2. Tyson Chandler. (Last week: 3) Chandler’s starting to get fed the ball when he’s hungry for it, and his defense and rebounding have been closer to their advertised potential as well. Slowly but surely, the guys surrounding Chandler are taking more accountability for helping and rotating after defensive switches, which means the new guy isn’t constantly saddled with covering five men, then cleaning up any subsequent mess. Chandler’s a sight to behold when allowed to play his own position. He terrorized unsuspecting Bobcats on Monday, blocking shots and forcing turnovers with resounding force. He’s pulling down boards, too, averaging over twelve per game during this little winning streak and single-handedly denying Charlotte second opportunities down the stretch on Monday. This is what everybody had in mind when Chandler signed that contract a month ago (hard to believe it’s only been a month, eh?).

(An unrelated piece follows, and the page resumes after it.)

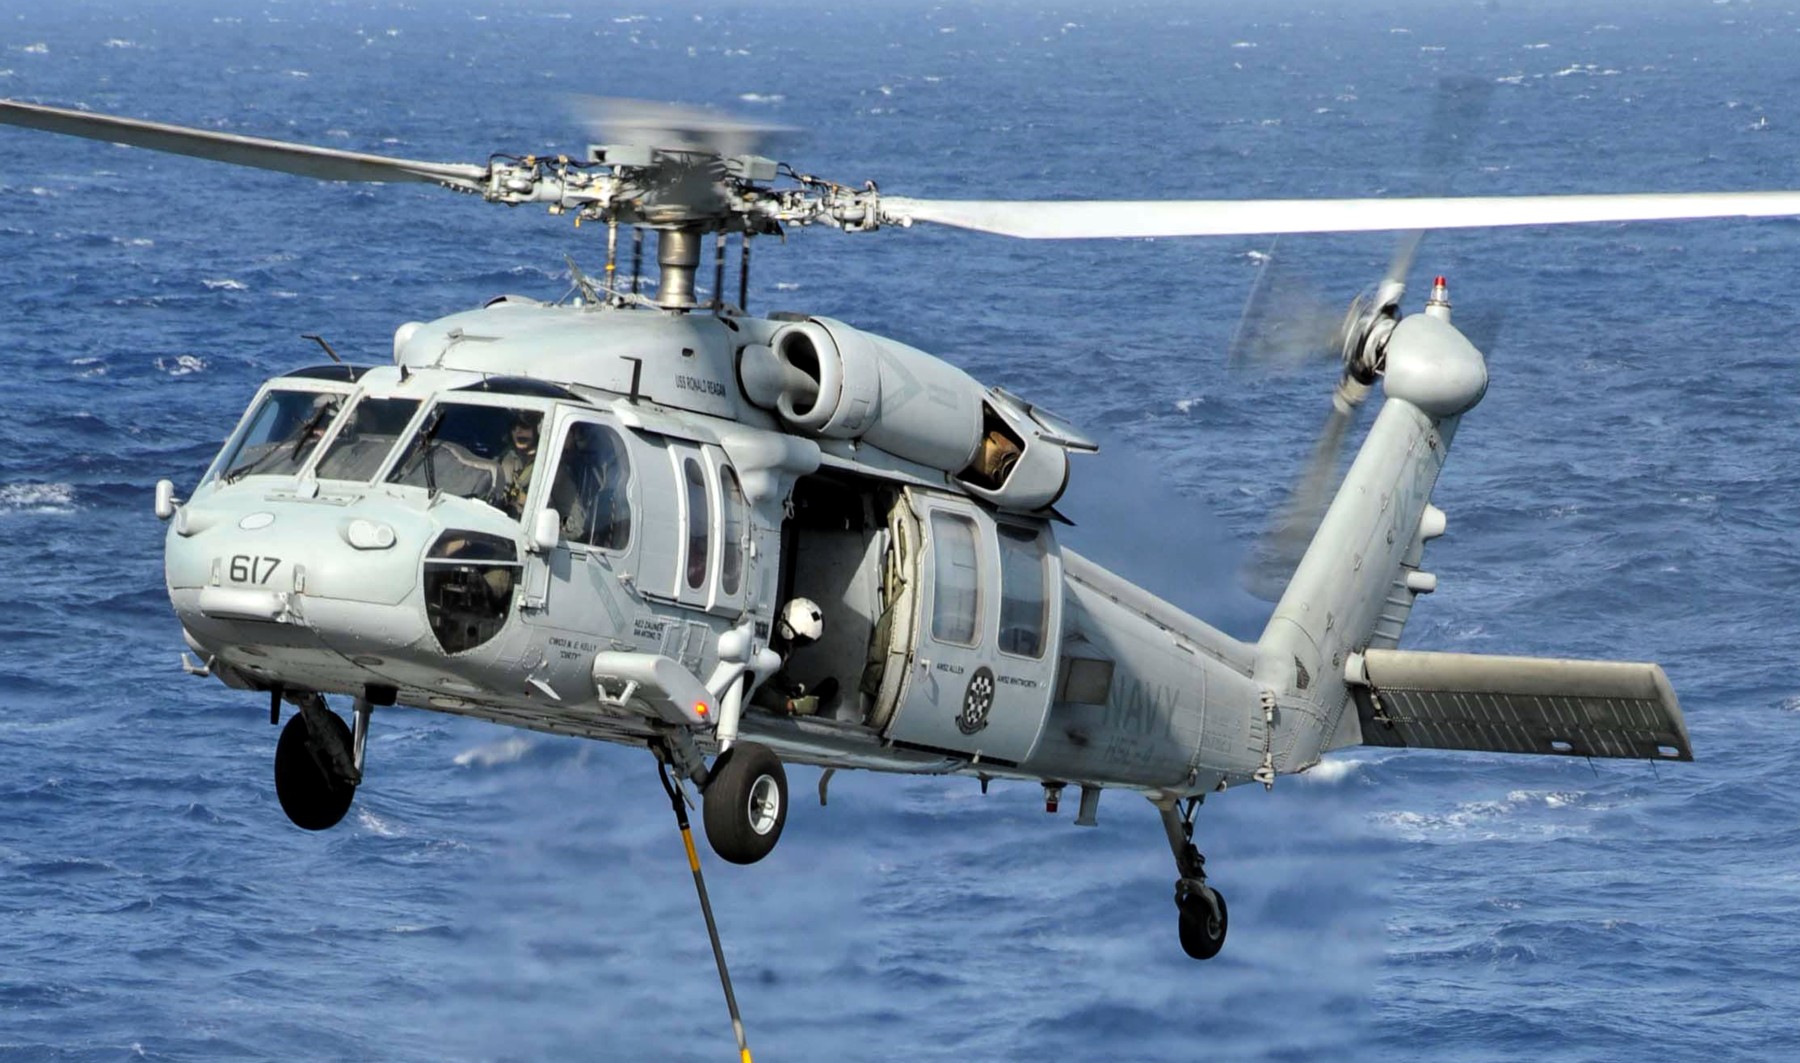 hsc-4 black knights helicopter sea combat squadron us navy mh-60s seahawk 2014 35

3. Iman Shumpert. (Last week: Injured) Shumpert gets the third spot in these rankings because he’s been pretty damn powerful since returning from injury. The rookie stepped promptly into heavy minutes in his return, then took the next step into the starting lineup after just a couple of games. And while there have been occasional mistakes, Shump’s made Mike D’Antoni look savvy for putting him there and made Knick fans swoon in the process. On offense, Shumpert’s ability to penetrate has given the team a totally different look. He’s been surprisingly adept at feeding his friends off the dribble, and has looked for his own shot sensibly and at the right times, which is a welcome departure from the fits of chucking we saw from him early on. The kid’s greatest contribution, though, has been on the defensive end, where he just menaces opposing point guards. Shumpert’s been good for a couple of forced turnovers each night simply by being bigger and scarier than his opposition. Only a few games into his career, he’s already made a habit of mugging folks in the backcourt, then loping coast-to-coast for uncontested flushes. There’s room for Iman to grow, (particularly in his conditioning — the guy has to sit with leg cramps on a nightly basis), but he’s been nothing short of spectacular since returning from injury. He kind of makes me feel like crying sometimes — and in a good way, not in a Toney Douglas way.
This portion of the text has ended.